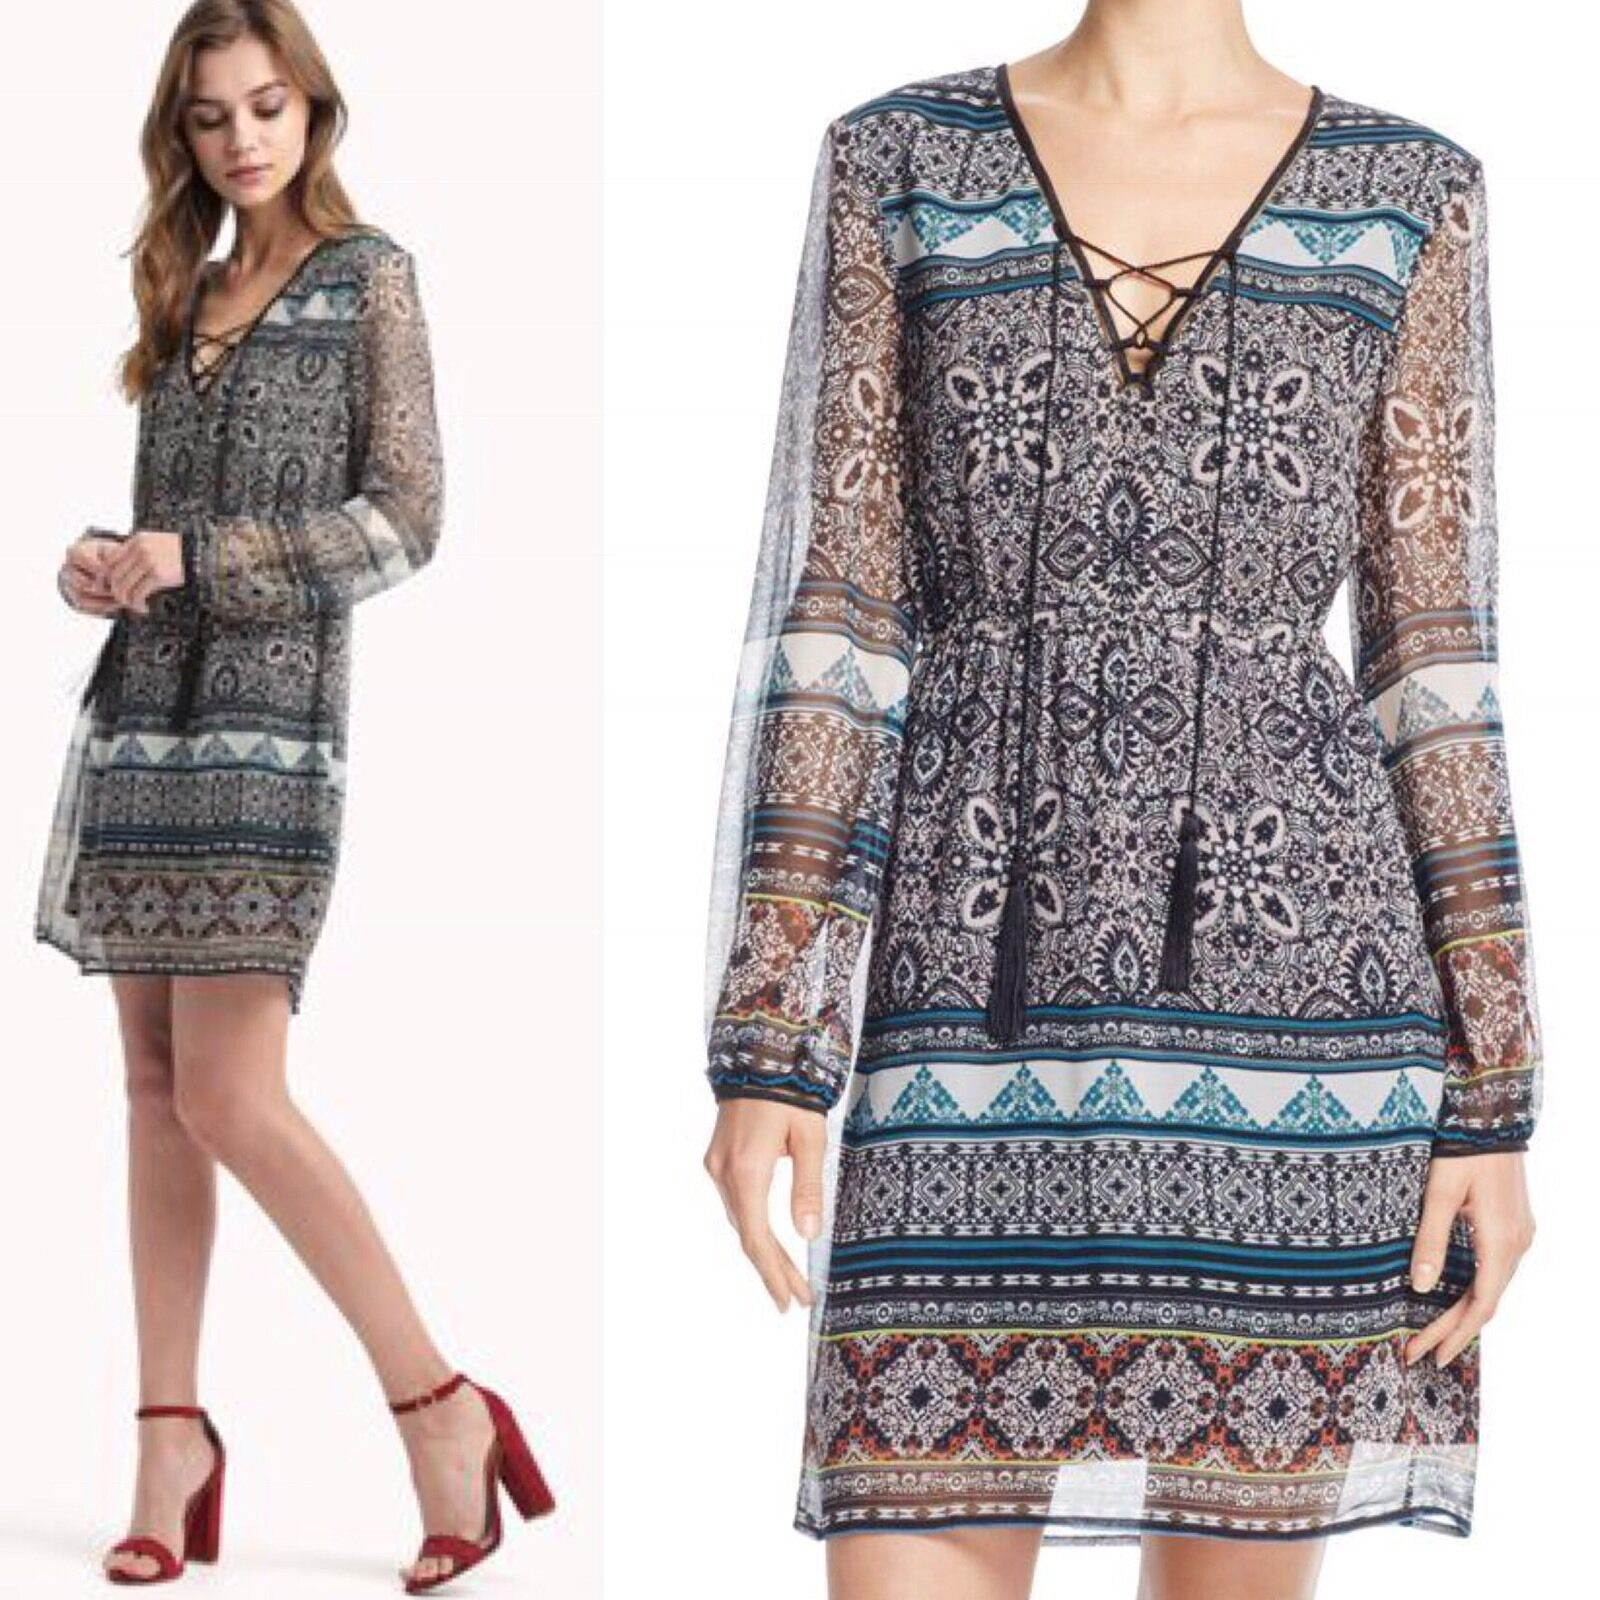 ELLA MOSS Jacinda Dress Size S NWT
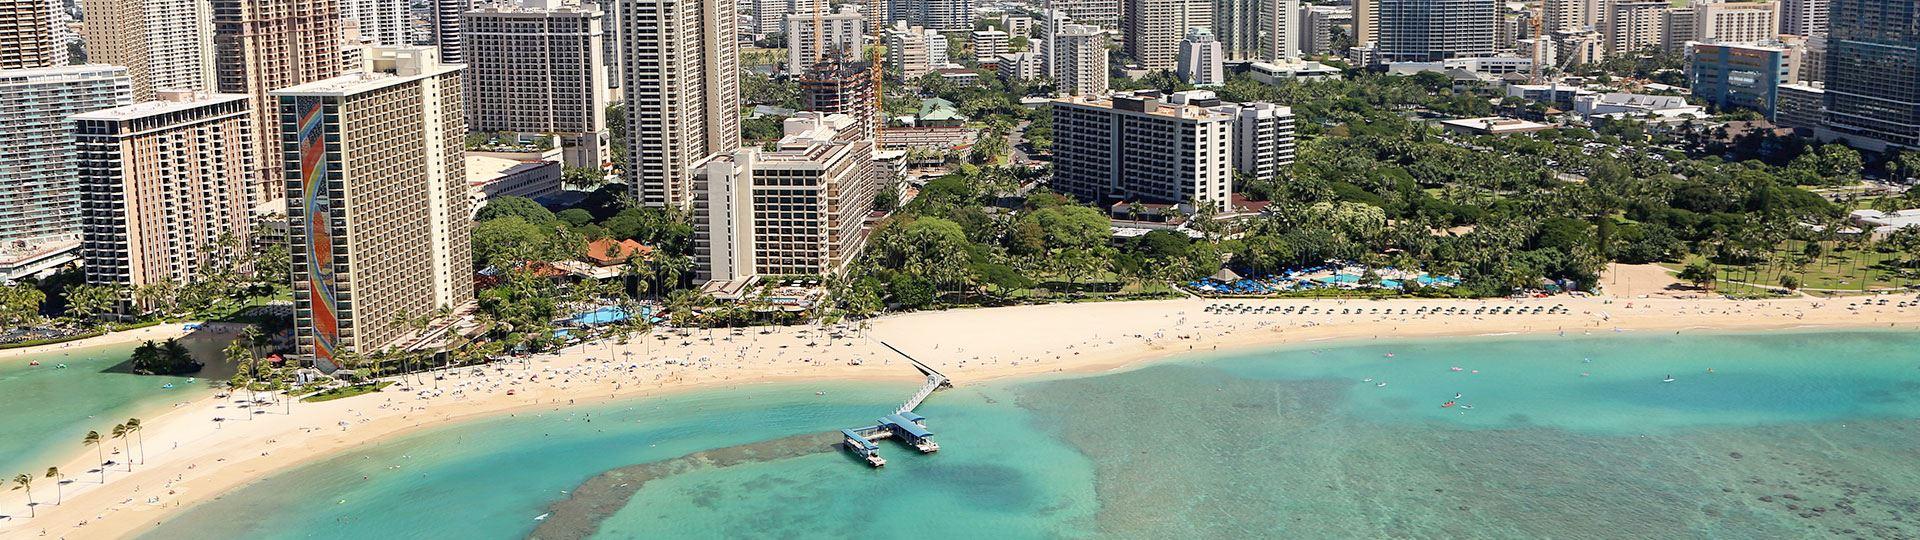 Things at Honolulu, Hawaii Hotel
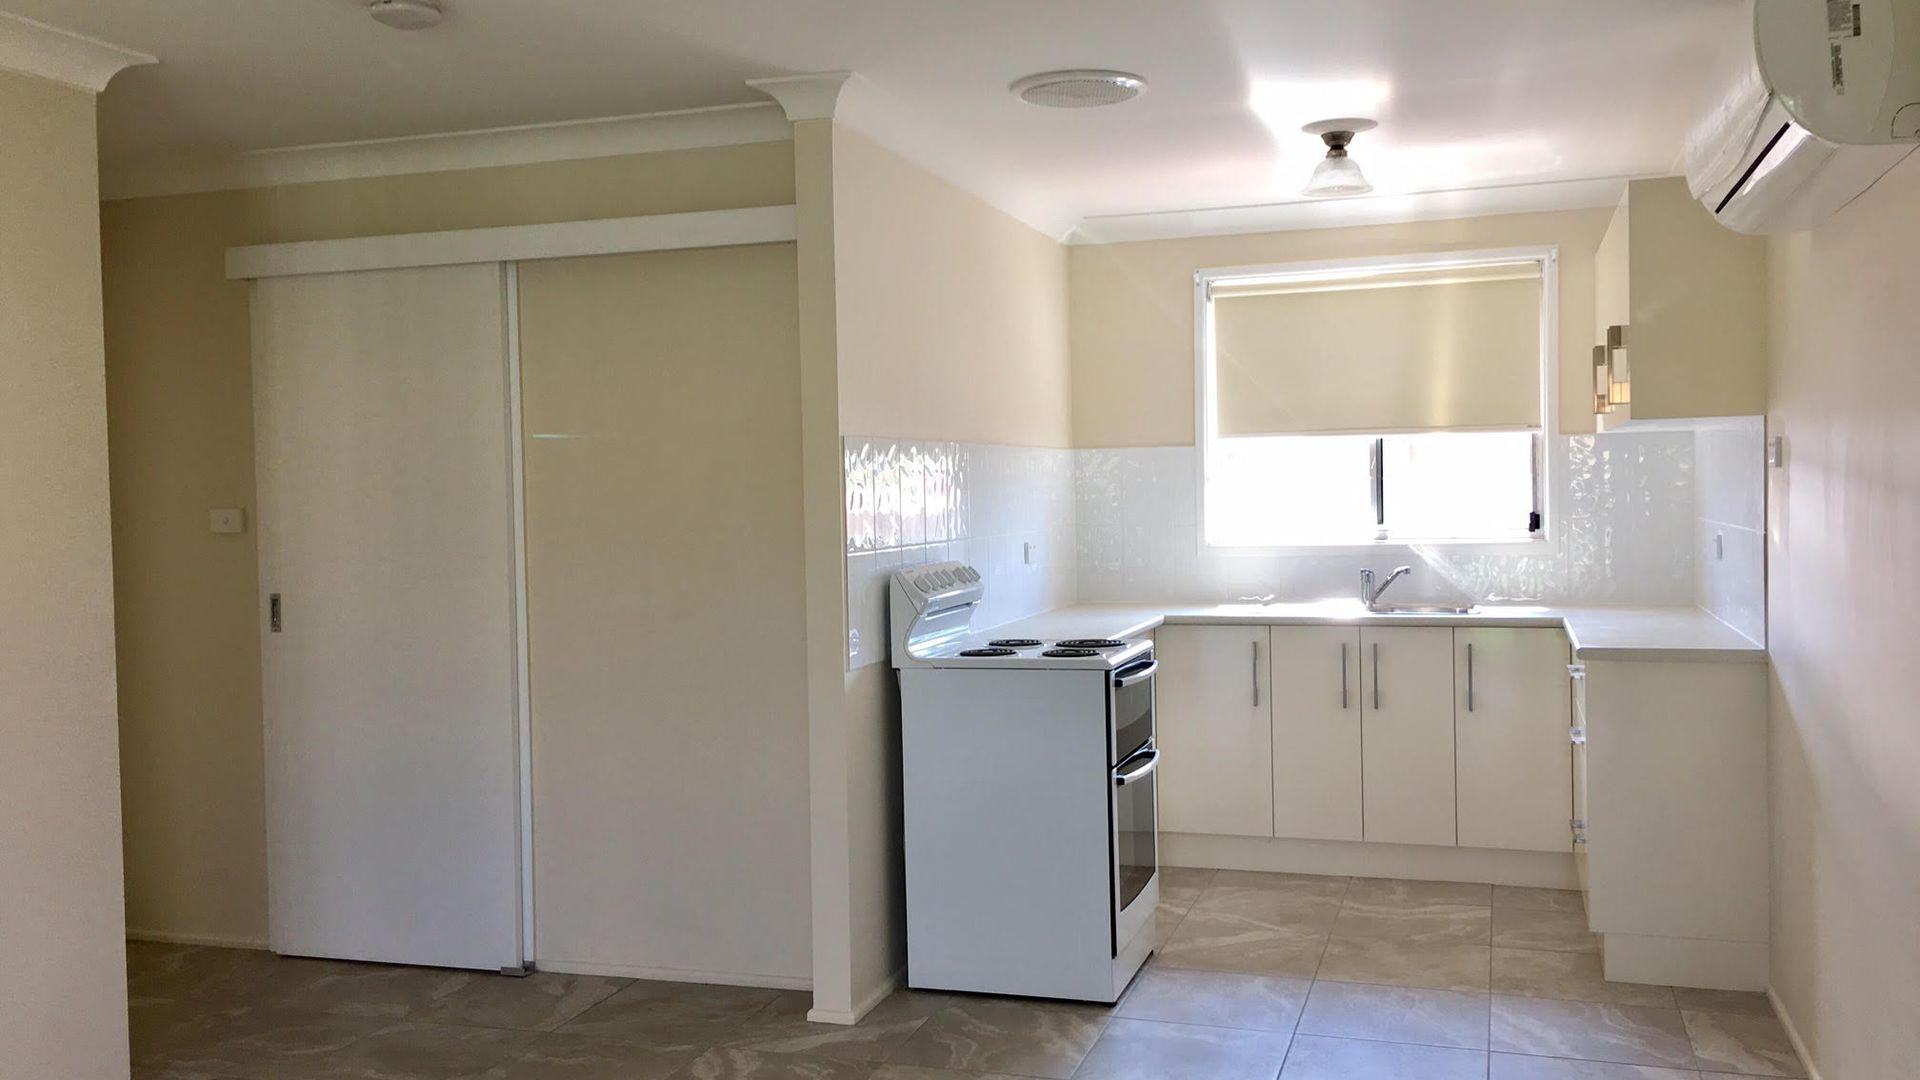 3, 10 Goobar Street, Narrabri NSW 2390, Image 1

=-=-=-=-=

# TASK DESCRIPTION
Could you return the whole listing exactly, with every picture removed?

# SOLUTION TO THIS TASK
 ELLA MOSS Jacinda Dress Size S NWT
 Things at Honolulu, Hawaii Hotel
 3, 10 Goobar Street, Narrabri NSW 2390, Image 1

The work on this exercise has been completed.